LEFT: Pablo Picasso, Self-Portrait Facing Death, 1972. Fuji Television Gallery, Tokyo. Art © 2025 Estate of Pablo Picasso / DACS, London
RIGHT: Alberto Giacometti, Buste de Diego, c. 1962-64. Fondation Albert & Annette Giacometti. Image: Bridgeman Images. Art © The Estate of Alberto Giacometti / DACS, London / ADAGP, Paris 2025
This painting also narrates a phase of Bacon’s life in which he strengthened his ties to the Parisian avant-garde. An avowed Francophile, Bacon believed Paris to be the epicenter of the artistic world: home to the birth of Modernism, it was in Paris at the end of the 1920s that Bacon, inspired by a Pablo Picasso exhibition, first nurtured his ambitions to become a painter. Many aspects of Study for Self-Portrait – its chromatic subtlety and luminous brilliance – anchor it to the increasingly extended periods Bacon spent living and working in Paris. Inspired by the great masters who notably lived and worked there – from the Impressionist painters and sculptors such as Claude Monet and Auguste Rodin to later Modernists like Pablo Picasso and Alberto Giacometti – Bacon observed, interpreted, and integrated a myriad of source material. In describing Study for Self-Portrait, Bacon himself proclaimed, “This is my Impressionist period” (the artist cited in Martin Harrison, ed., Francis Bacon Catalogue Raisonné, Volume IV, 1971-92, London 2016, p. 1203). Paintings such as this, executed during his most concentrated time in France, are imbued with the essence of great historical precedent.

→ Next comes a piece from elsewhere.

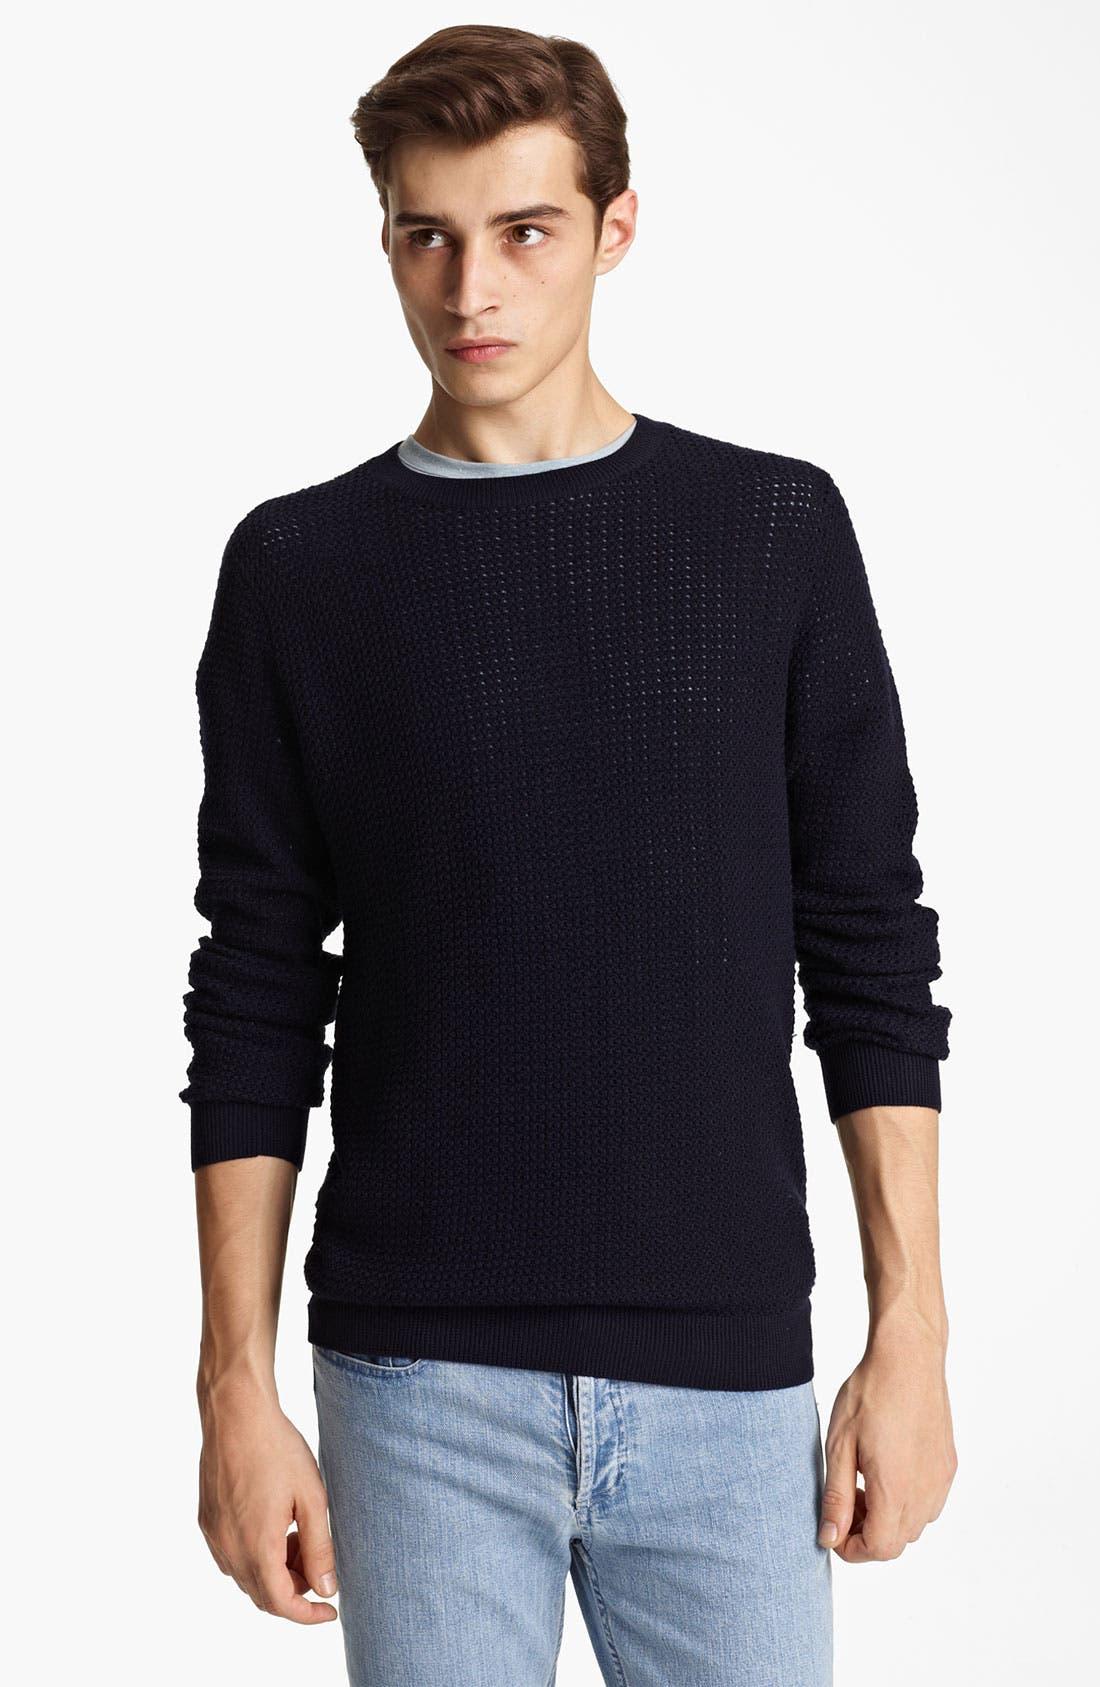 Alternate Image 1 Selected - A.P.C. Perforated Crewneck Sweater
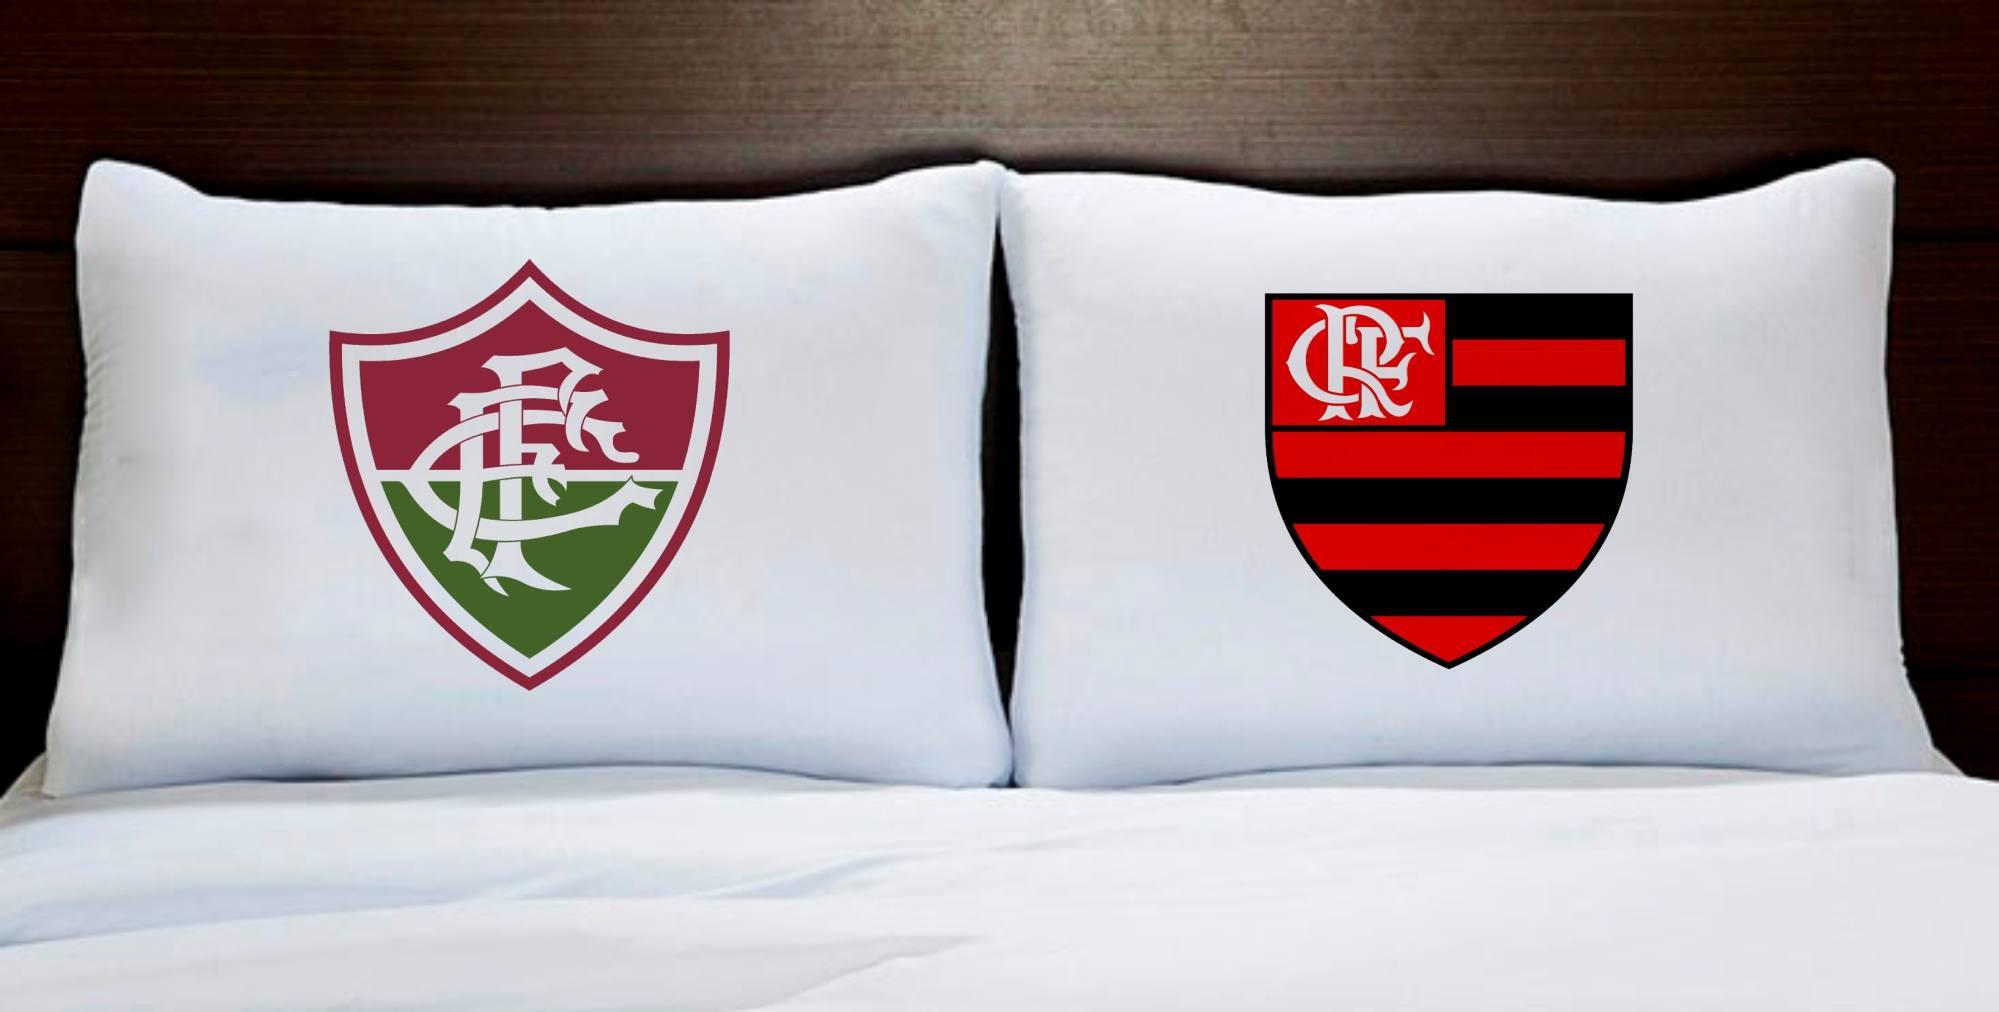 824cba2aa6 Fronhas Casal Fluminense e Flamengo Times de Futebol - Empório Camiseteria

At first driven by a masochistic impulse to inhabit his guilt more intensely, Bacon was drawn back to the site of Dyer’s suicide, to the very hotel in which he had died only 48 hours prior to the opening of Bacon’s Grand Palais retrospective. Paris, the very centre of Bacon’s artistic aspirations, was thus forever cast under the tragic shadow of Dyer’s demise, and yet it became an incredibly successful location from which to work. With the length of his stay increasing each time, Bacon’s need to paint demanded a proper place in which to work, and in 1974 he took up a studio in the Marais district at 14 rue de Birague. With one large room at the top and a kitchen on the lower level, the Parisian studio possessed the same creative portent and atmosphere as the claustrophobic environs of the now famous 7 Reece Mews; as explained to David Sylvester: “I am very influenced by places – by the atmosphere of a room, you know. And I just knew from the very moment that I came here [Reece Mews] that I would be able to work here. And I felt the same thing about the place in Paris. It’s only one room, but I knew from the moment I went into it that it was a place I could work in” (the artist in: Sylvester, op. cit., pp. 189-90). Bacon’s increasing success and growing legendary status in Paris, set in stone by his wildly successful show at Galerie Claude Bernard in 1977, truly characterise the period: many of the mid-to-late 1970s works exude a curious mix of the intellectually stimulating and exhilarating ambience of Paris with the melancholic introspection that typifies the decade.